Jenna Makgill is one of those rare humans to possess both integrity and passion. Integrity in her own beliefs, her social conscious and respect for the environment she breathes and lives in. Passion for everything she does. “Do what you love and you will be happy.” A simple statement that is so easily forgotten by so many people in today’s hustle and bustle existence. Jenna loves riding her bike and she’s very good at it. Jenna is good at it because she loves it.
“Riding my bike is a faster way to get round and it’s a better way for me to treat the environment; plus I just love riding bikes!” Jenna’s love of riding started in her childhood. She’s been road racing since she was 13 years old and racing downhill MTB from 15. “I had a real passion for downhill racing, but ever since I built up a fixed gear out back in a cycle shop I was working in, I was hooked.” That was in 2007, just before the international phenomenon of fixed gear riding hit the world. “I would check out riders and bikes on the Internet and it all just flowed from there” There goes that passion again. That passion led Jenna to two women’s World Courier Championship titles in 2008 and 2011.
So when Red Bull asked Jenna what she wanted to ride next, the typically Jenna answer, loaded with a question was, “Something big?” That simple statement would turn into an idea, the idea into a reality.

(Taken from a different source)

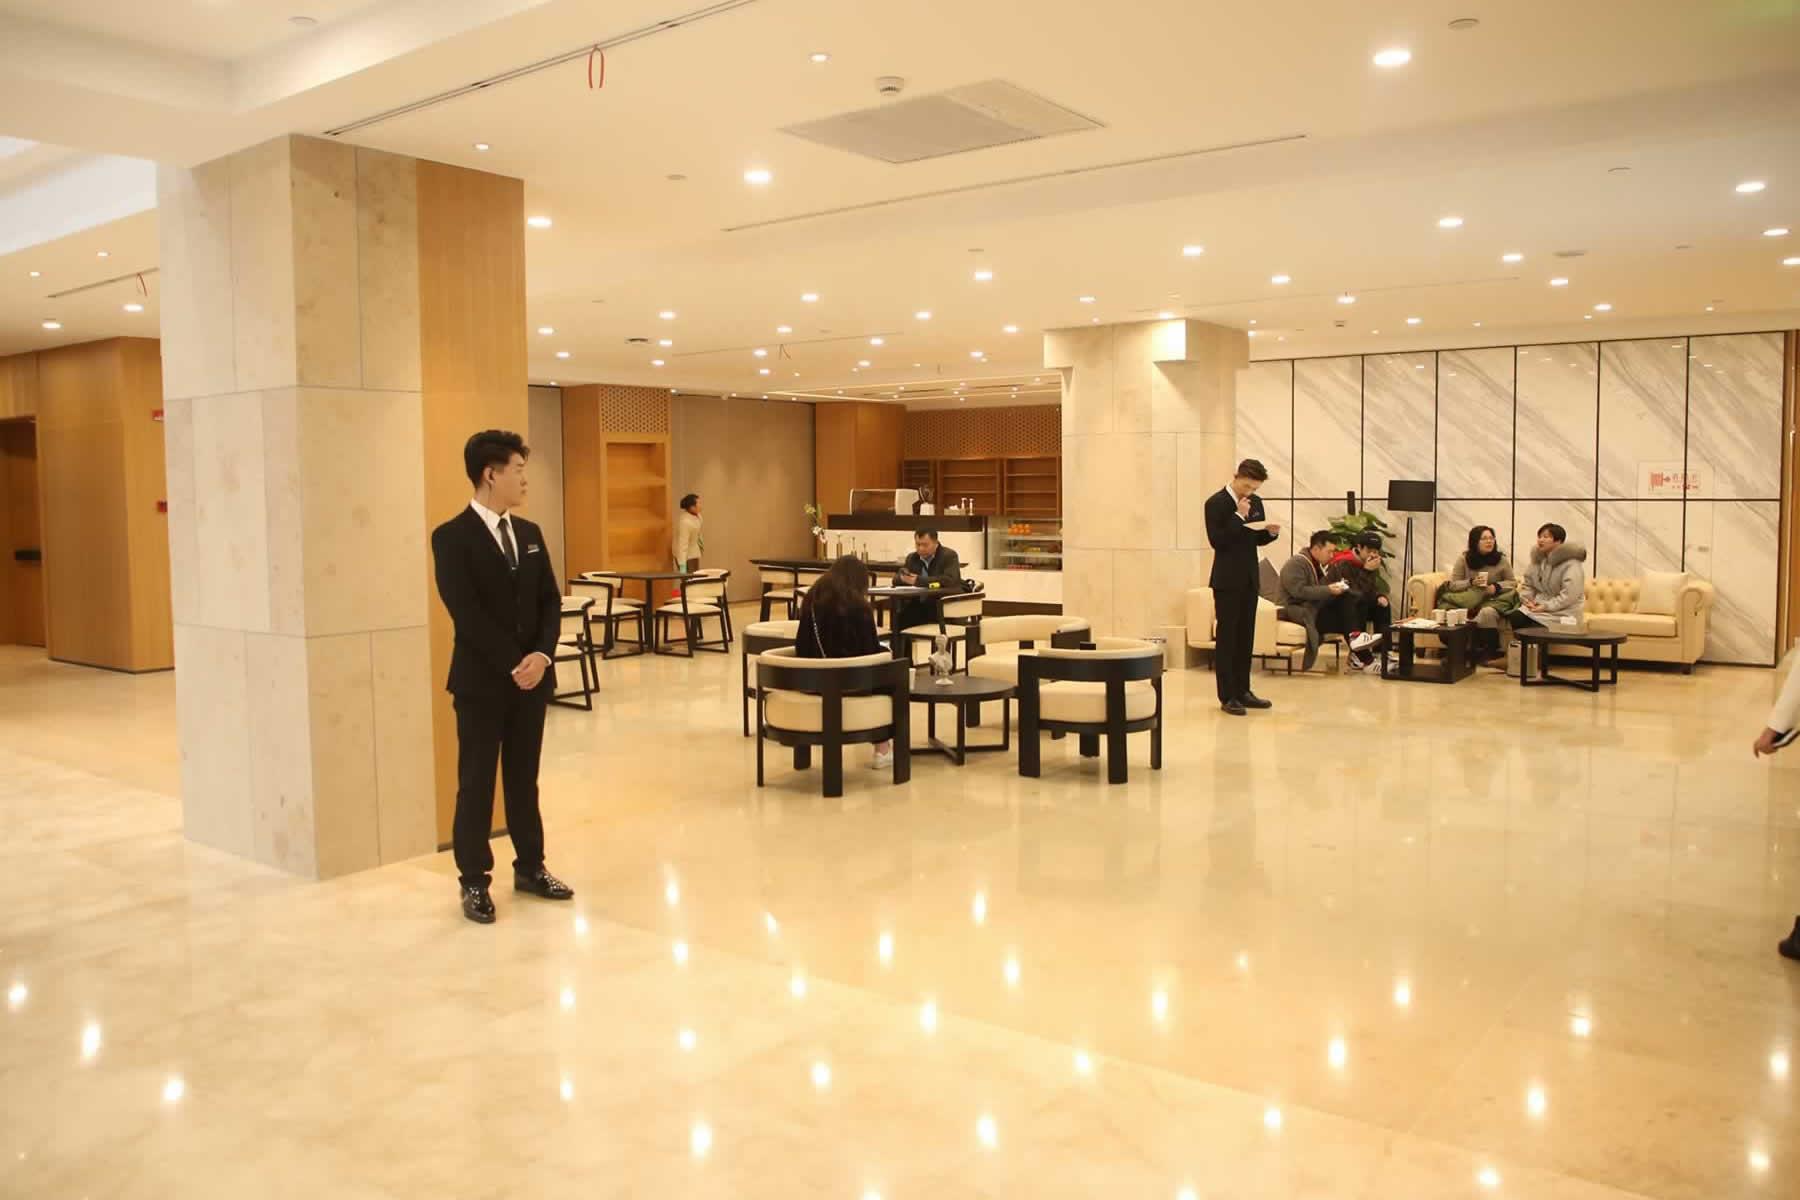 杭州薇琳医疗美容医院是公立医院吗?

Enter the Homer Tunnel; 942m elevation, 1270m long, single lane with walls of unlined granite. A gruelling climb to the eastern portal entrance, rising through glacial valleys shadowed by snowy sheer peaks, 1:10 tunnel gradient, in the pitch black to the western portal, which leads into steep switchbacks winding down out of the Homer Pass.

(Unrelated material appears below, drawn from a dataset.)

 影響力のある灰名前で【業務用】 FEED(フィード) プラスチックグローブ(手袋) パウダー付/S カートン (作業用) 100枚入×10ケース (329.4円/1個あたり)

Hardly what you would call ‘nice’ fixed gear territory. No brakes, loose gravel on the corners, steep terrain and a temperature of 7 degrees Celsius. What did Jenna think of the scenario? “Sounds good, meet you at the airport.”
There goes that passion again.
The Homer Tunnel was opened in 1954 and is a New Zealand State Highway that connects Milford Sound to Te Anau and Queenstown by piercing the main divide at the Homer Saddle. William H. Homer discovered the Homer Saddle on 27 January 1889. Government workers began the tunnel in 1935, starting with five men using picks and wheelbarrows. The men lived in tents in a mountainous area where there was no direct sunlight for half of the year. At least three were killed by avalanches over the coming decades. Progress was slow with difficult conditions, these problems delayed the tunnel’s completion and opening until 1954.

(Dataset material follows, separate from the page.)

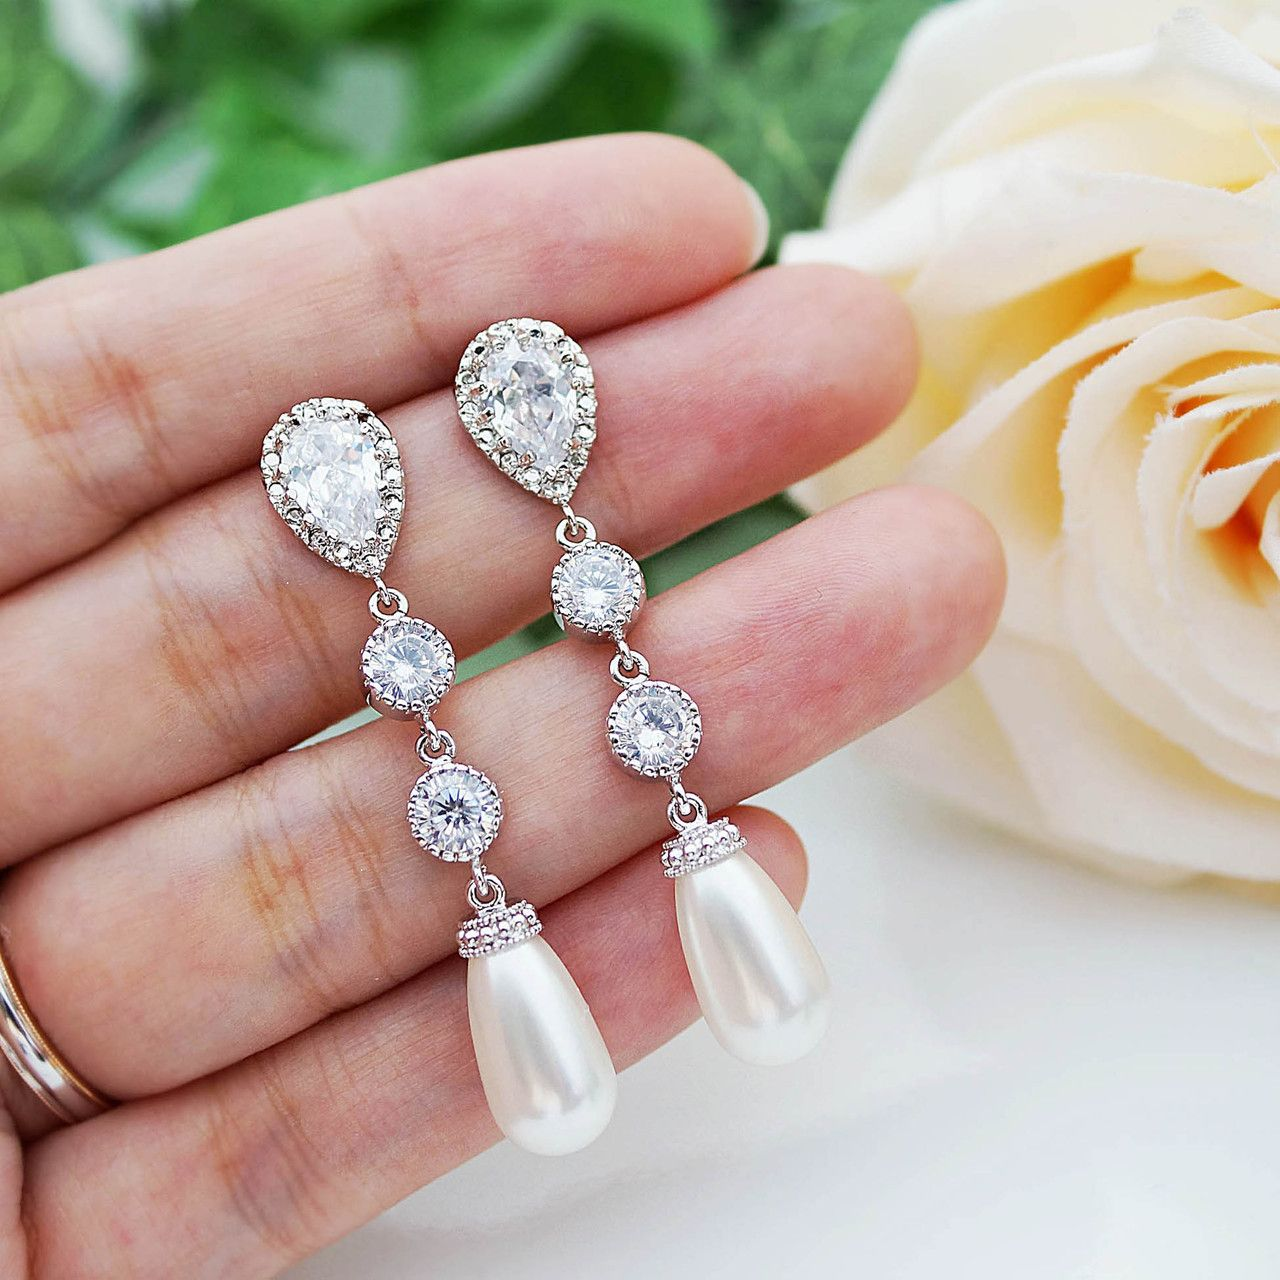 Swarovski Tear drop Pearls with Cubic Zirconia connectors Bridal ...

The epic unspoilt wilderness area really struck Jenna. “Since being back from Germany, I’ve been eyeing up places to go within New Zealand, as I’ve avidly taken up bush running and wilderness adventuring. Basically I just want to start appreciating what’s on my doorstep rather than longhaul flights to nowhere.”
Jenna reflects after the ride: “The whole thing was awesome. Riding through the tunnel, getting up in the dark, killing my legs to the point that I could barely walk the next days. Definitely an experience up there on my list of all time awesome things I have ever done.”
Integrity and passion are rare qualities to possess. Don’t go changing, Jenna Makgill; we like you just the way you are.